The rec. room, new face Nicki, and Lesley-Anne Down with a guitar between her legs. |
Maureen Lipman amuses Michelle Cook with a rude but incomprehensible anecdote. |
Nearly time for lights out on Miss Waldron's floor - Nicki heads for the bathroom. |
Will Nicki be able to look after herself in here? Luckily for her the other actresses were (so the gossip goes) selected by Hartford-Davis by a practical examination in shaggabilty rather than for their commanding physical prowess. In fact I reckon I could smash any one of these girls' faces in (provided I got the first blow in when she wasn't looking). And Nicki attracts the affections of dorm bully Sarah (Maureen Lipman), a lesbian partial to sapphic kisses after lights out. Lying beside Nicki in bed Sarah opens up and tells her story. It's a remarkable tour de force monologue by the young actress, and does a world of good for the film's otherwise slim pretentions towards serious drama.
Otherwise, banal dialogue and wooden acting render much of the time on Miss Waldron's floor clunkingly dull. But occasionally the screen bursts into life in an astounding orgy of excess. Now is a good time to take back any flippant remarks I may have made about the girls' fighting abilities. When one girl attacks another out of jealousy the results could not have been more sudden and devastating if one of them had stepped on a landmine on the way to the lavvy. It's an absolutely thermonuclear catfight, with even the next dorm joining in, bursting pillows and ripping tops everywhere. Watch out for Lesley-Anne Down in pink pyjamas getting stuck in like Minnie the Minx!

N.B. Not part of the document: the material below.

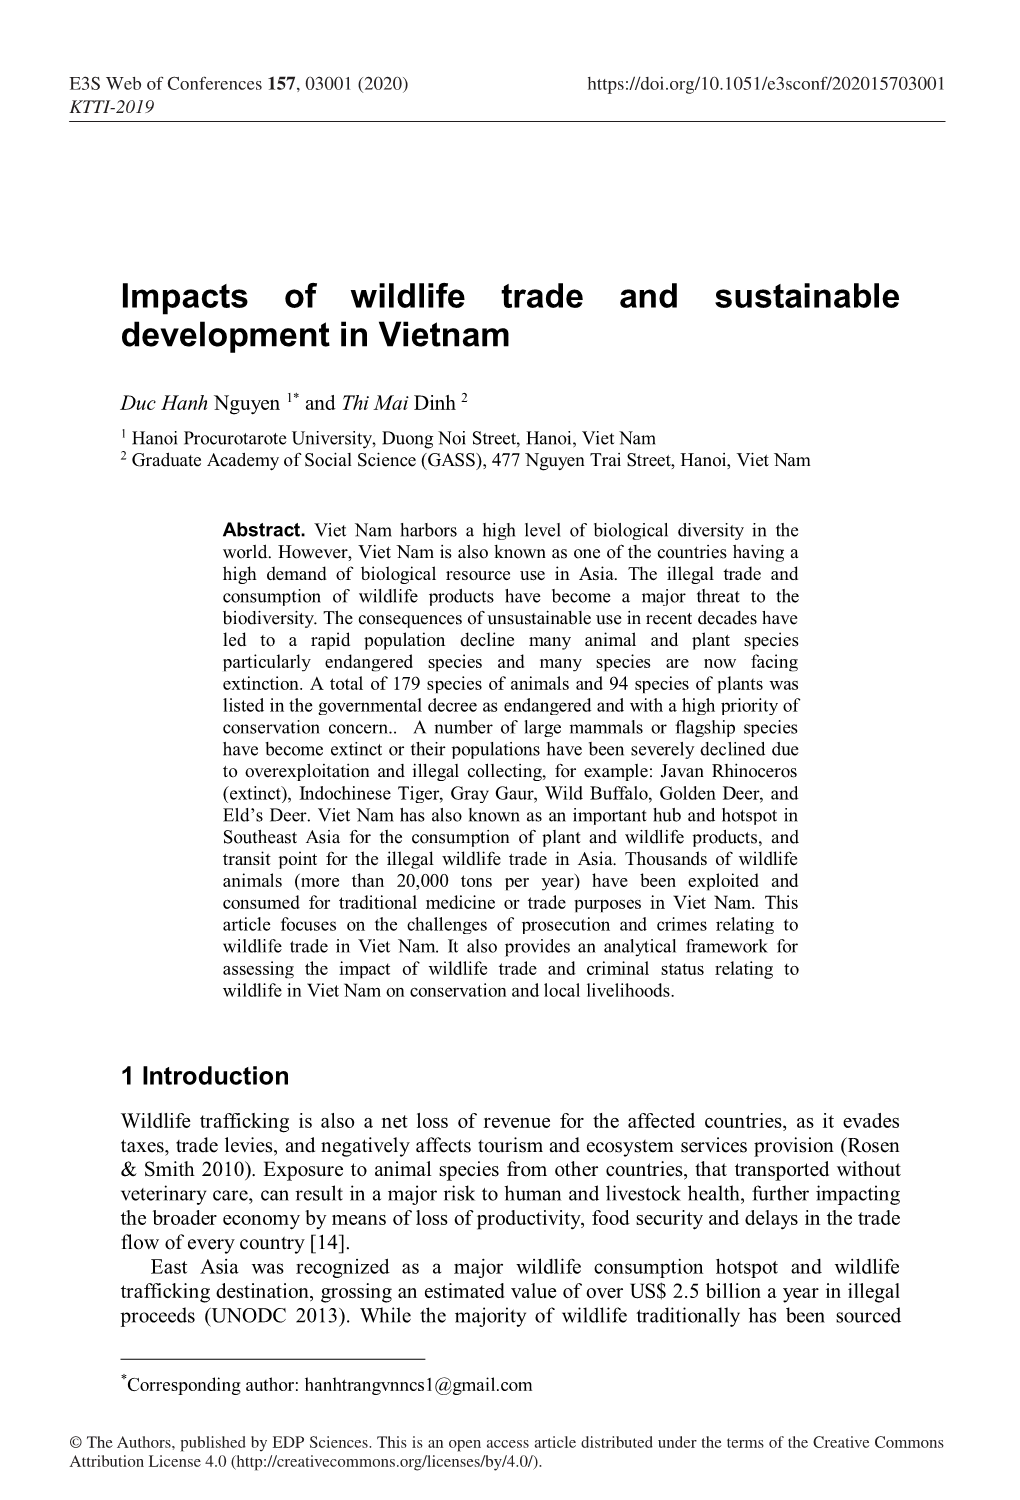 Impacts of Wildlife Trade and Sustainable Development in Vietnam

Regressing with Dr. Sands. |
Post pillow-fight - doesn't seem quite so clever now does it? |
Wistful - friendship with Sarah. |
Let's return to the more serious side of the story. Being a remand home, not a borstal, the girls are here for assessment, protection and help. When Nicki first arrives she is practically catatonic. It falls upon psychiatrist Dr. Sands, Marnie style, to delve into her past and get her head straight again. Faith Brook is excellent as the sympathetic older woman, reminiscent of Lilli Palmer as Britt Ekland's shrink in Night Hair Child, or Maria Schell as the prison reformer in 99 Women. What with Nicki's guilt over her Daddy's death, and then the stabbing business with Spenton, the doctor really has her work cut out, but begins to make some progress. "I finally got a reaction" she says, putting it mildly. Blimey, "I finally brought on an absolute screaming frenzy of psychedelic recovered memory" would be nearer the mark!
So will Nicki stick it out with the help of Dr. Sands, and risk being sentenced to a spell in borstal? Or will she take up with rebellious Sarah and her plans to escape? This genre being clichéd as it is I don't think I need to answer that one. But can there ever be a truly happy ending for a girl as ill-starred as Nicki?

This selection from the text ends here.